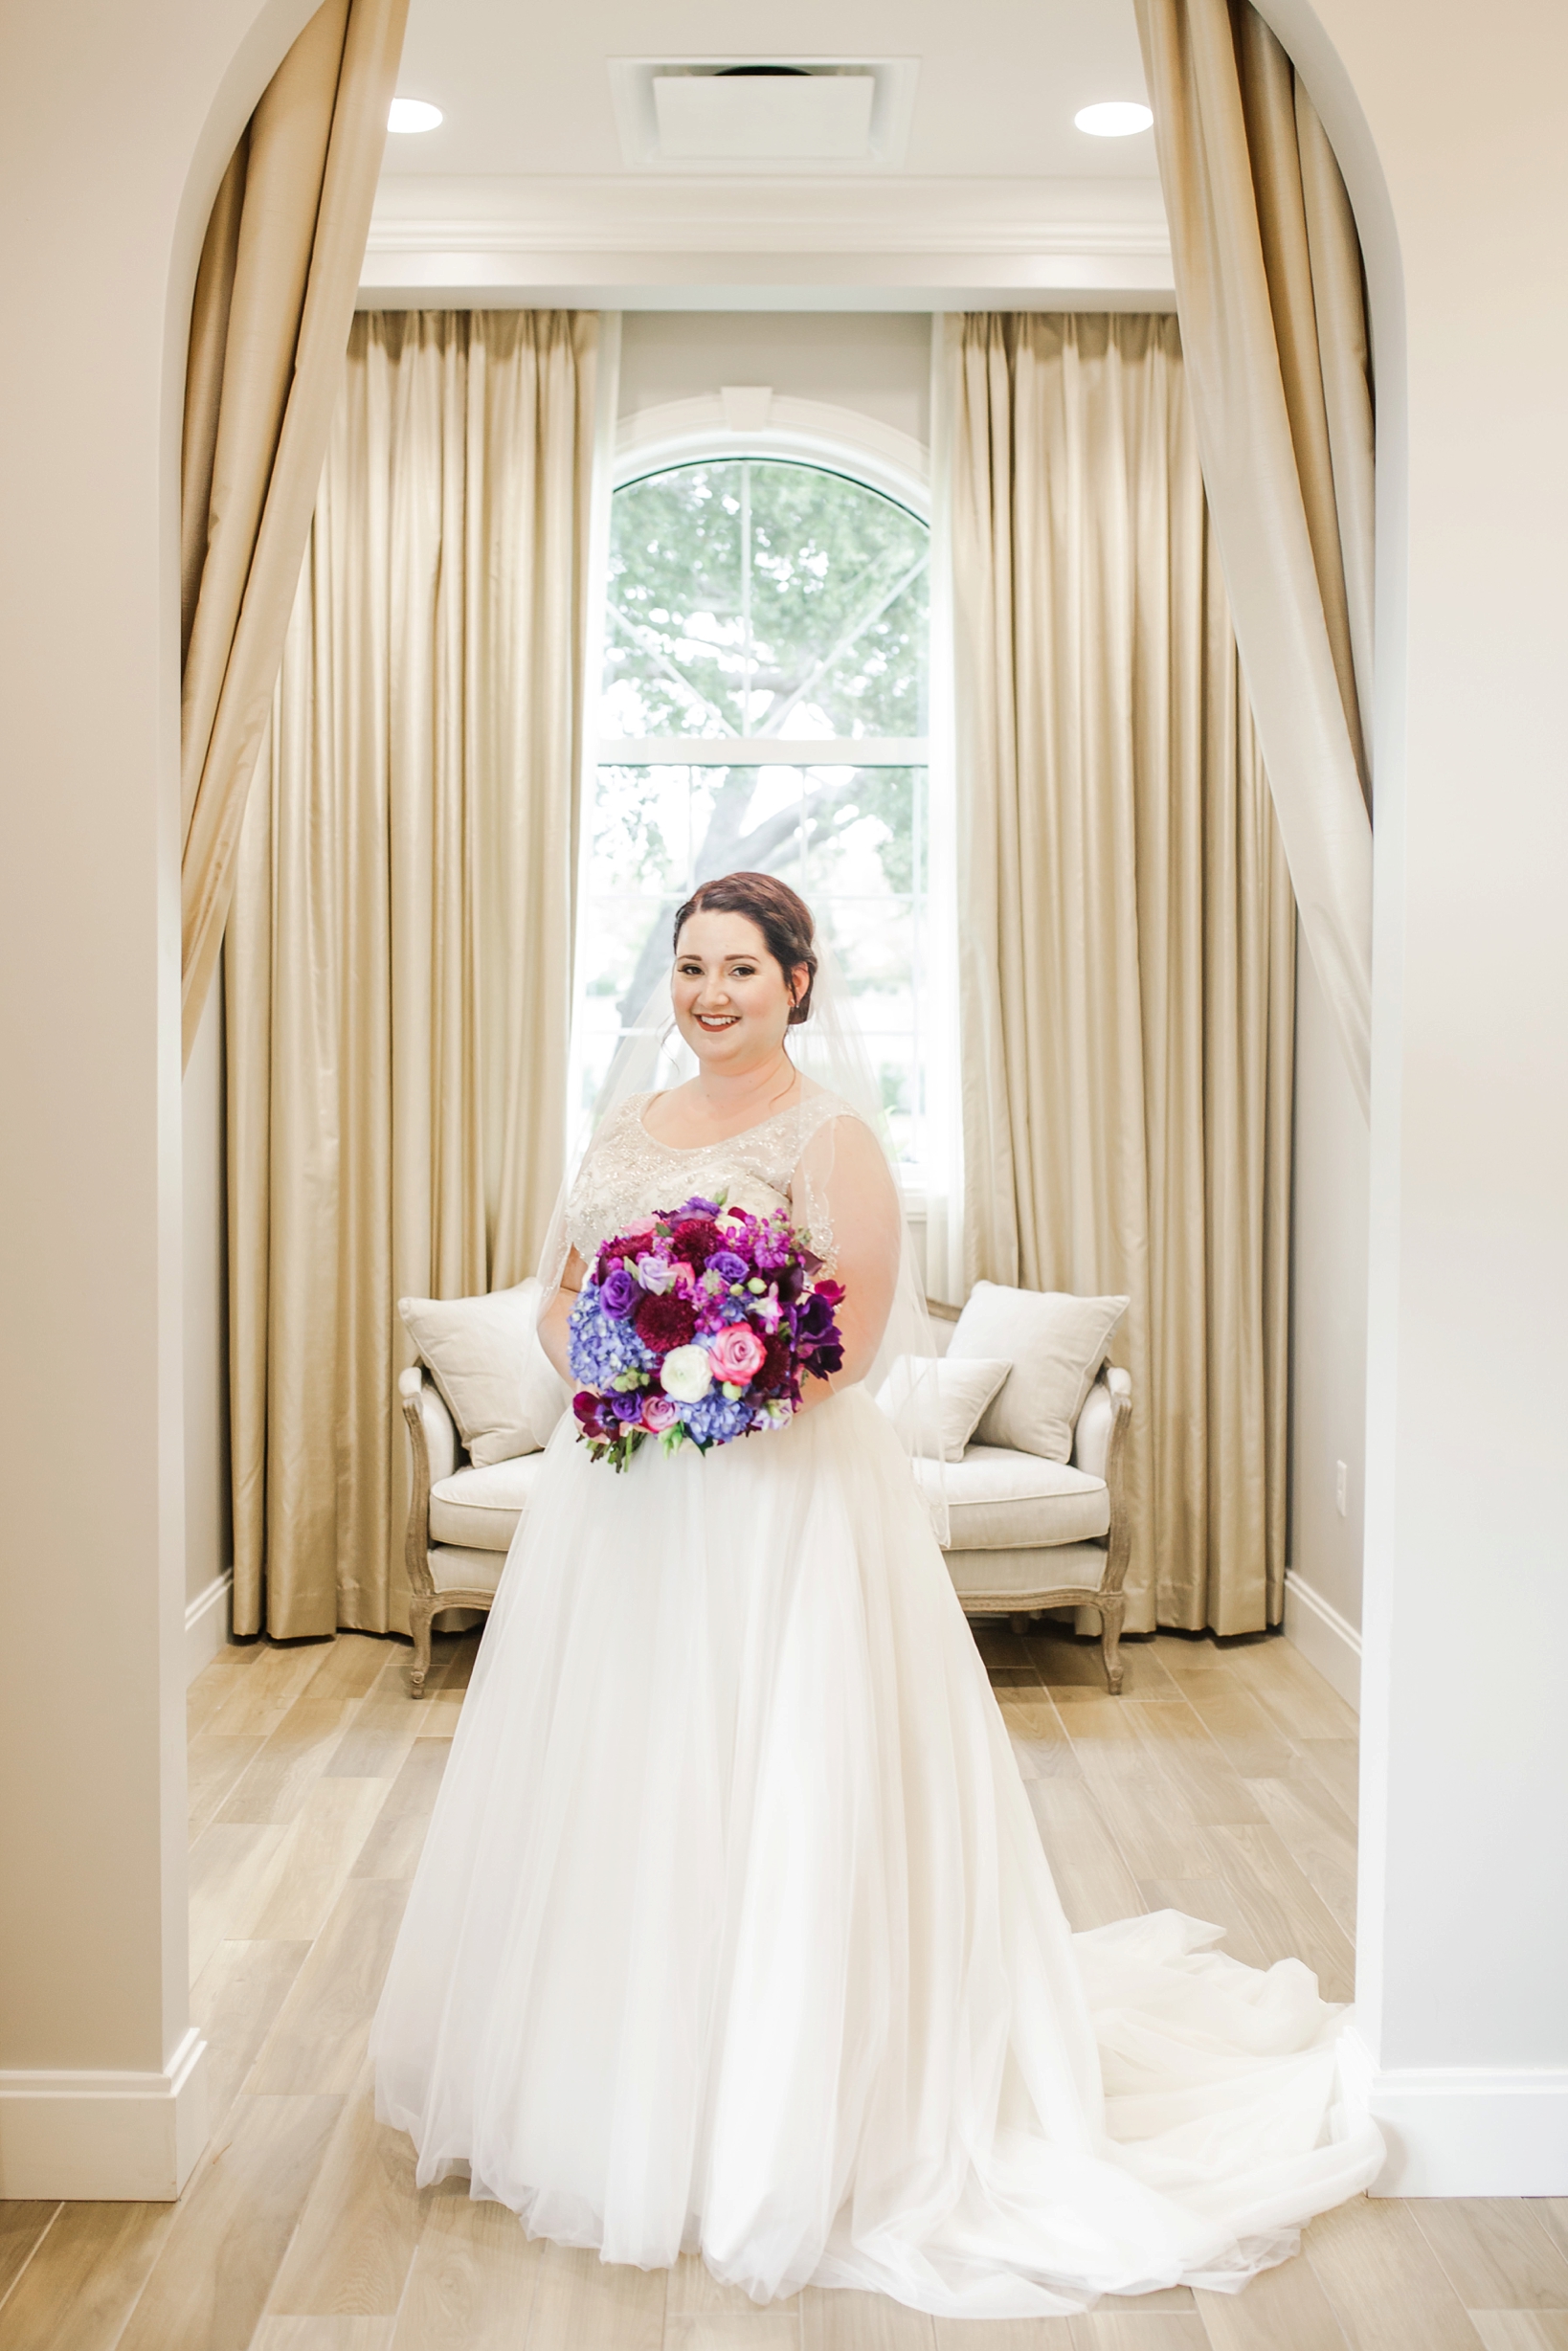 The bride holding her colorful bouquet in the bridal suite of the Harborside Chapel by Sarah & Ben Photography
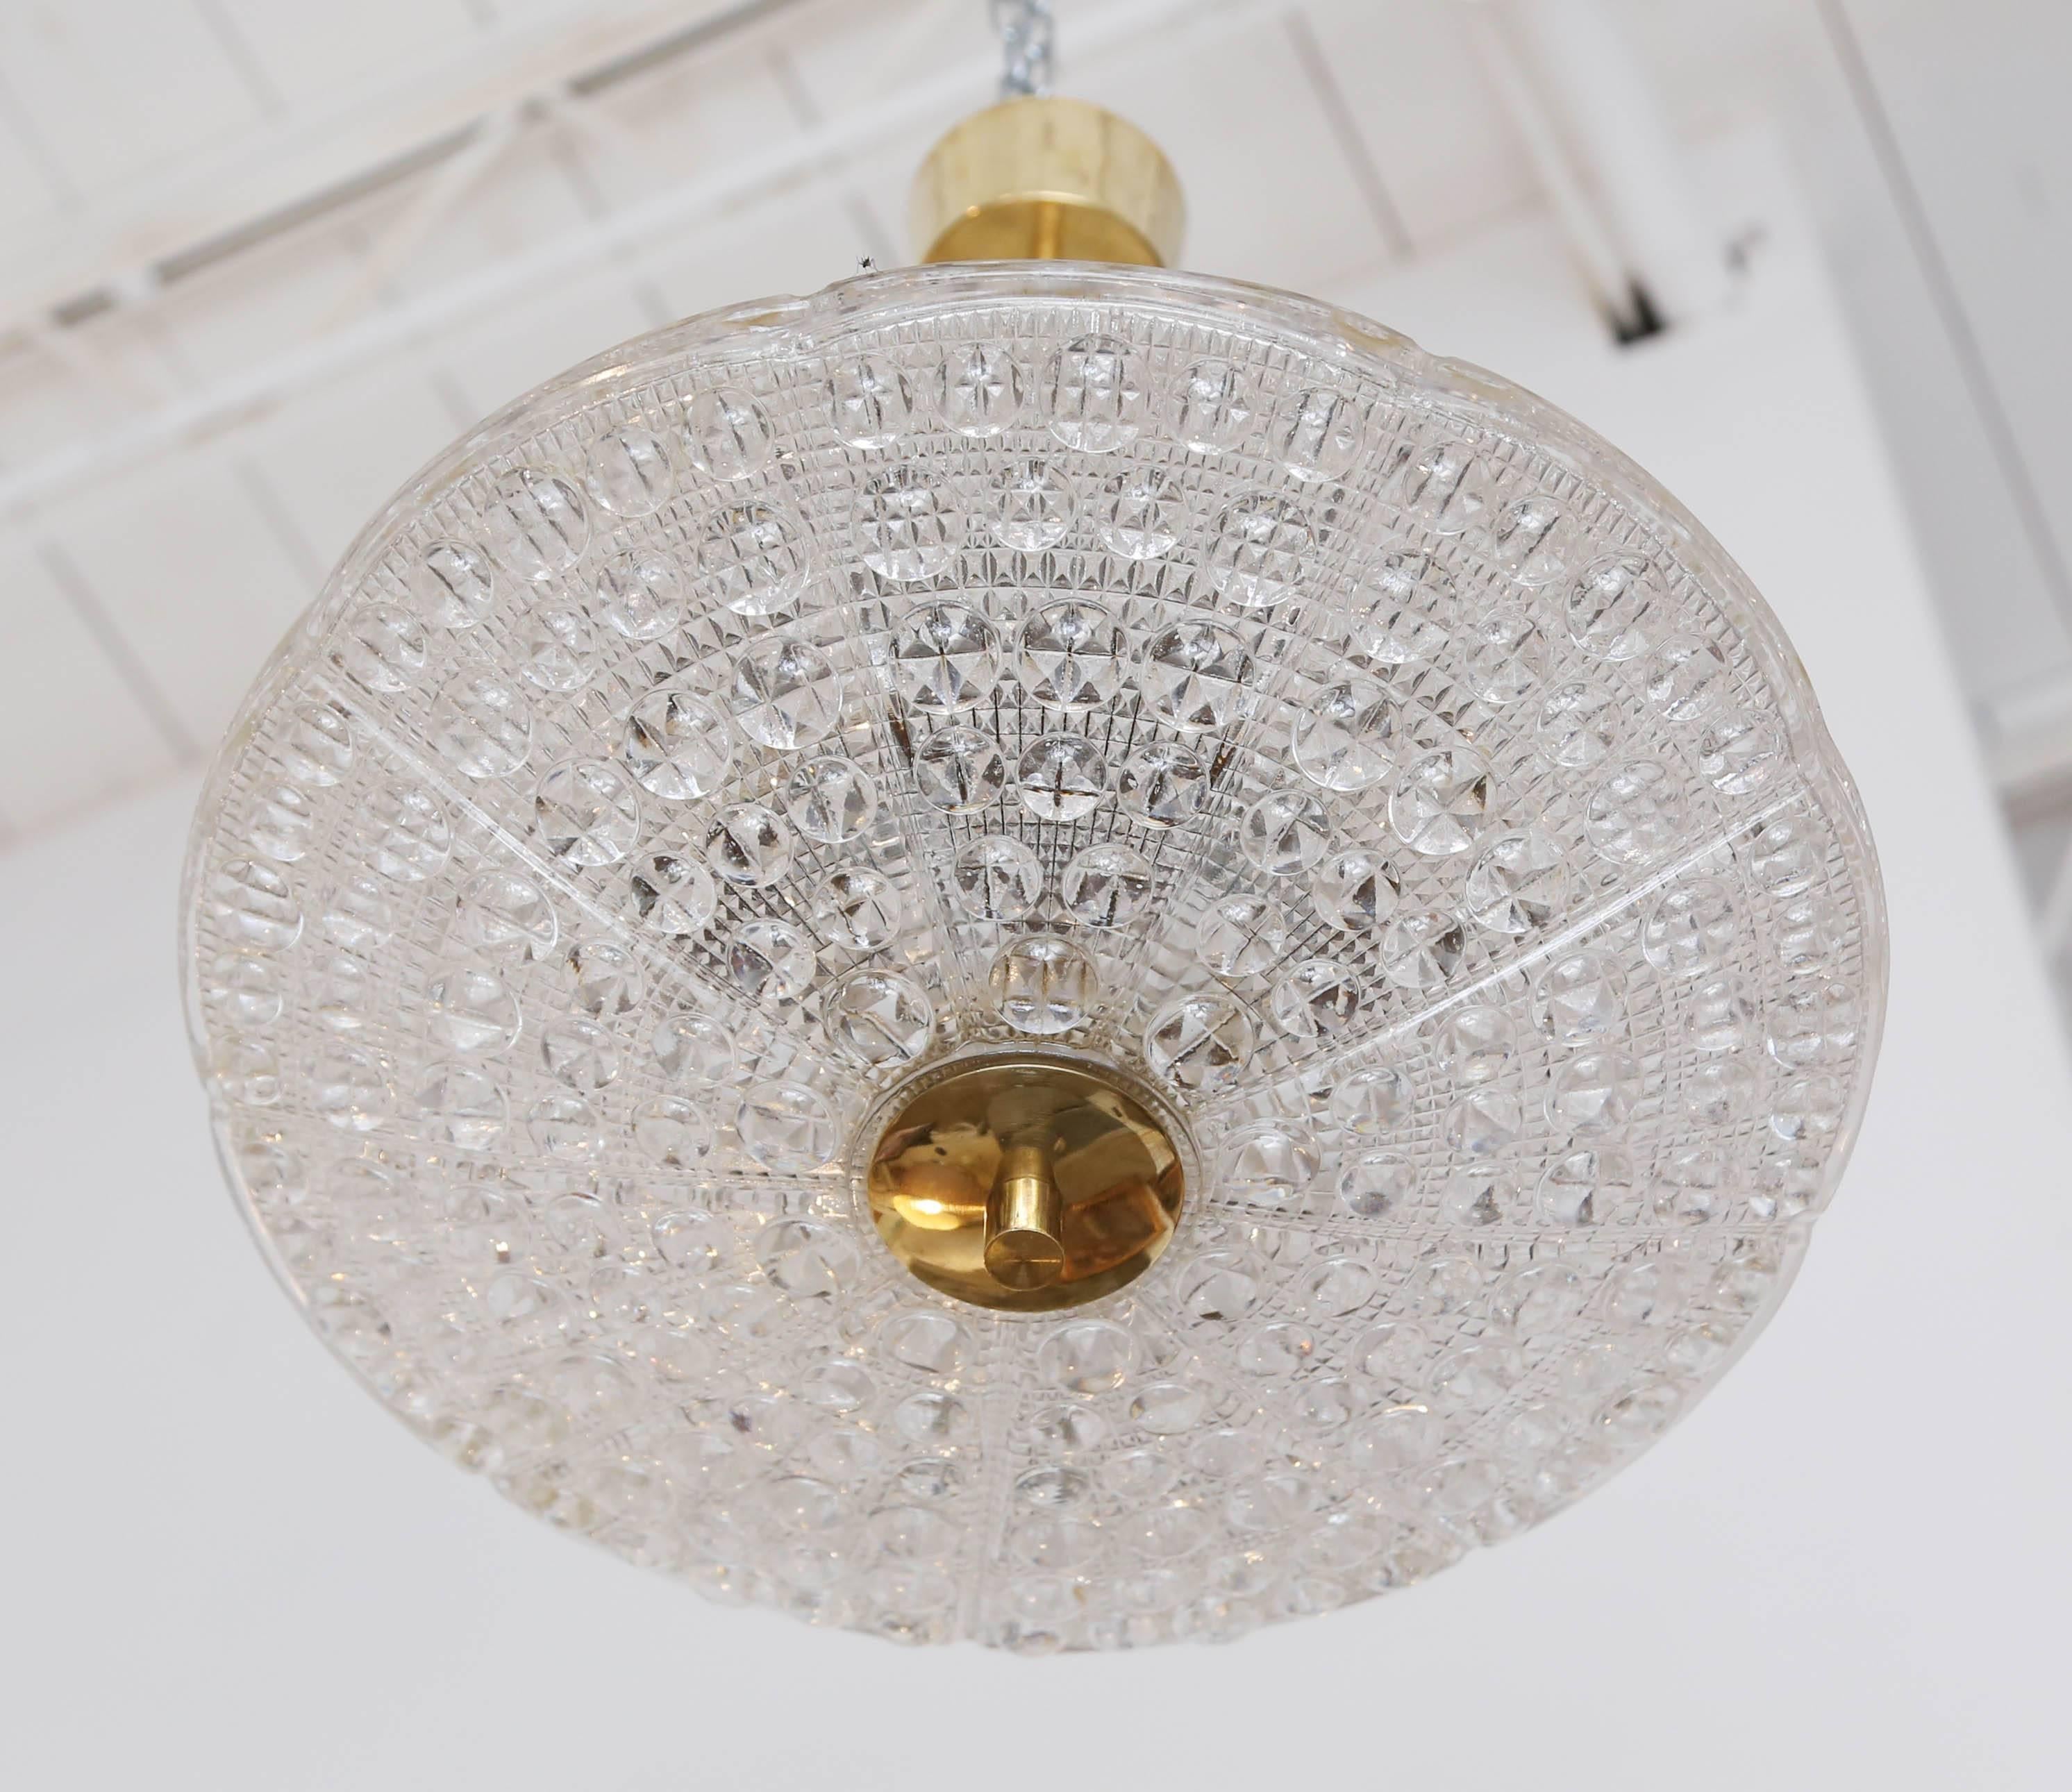 Carl Fagerlund for Orrefors bubble crystal duel disc chandelier, circa 1960s.
Classic Orrefors round carved textured and bubble round glass shades with
brass stem, canopy and bottom finial. Fixture has been cleaned and rewired
to US standard,

> [REQUIRED ACTION] The lines to return run from the one containing "brass stem, canopy" through the last line of the material above. Please reproduce them exactly.

> [SOLVED PROBLEM]
brass stem, canopy and bottom finial. Fixture has been cleaned and rewired
to US standard,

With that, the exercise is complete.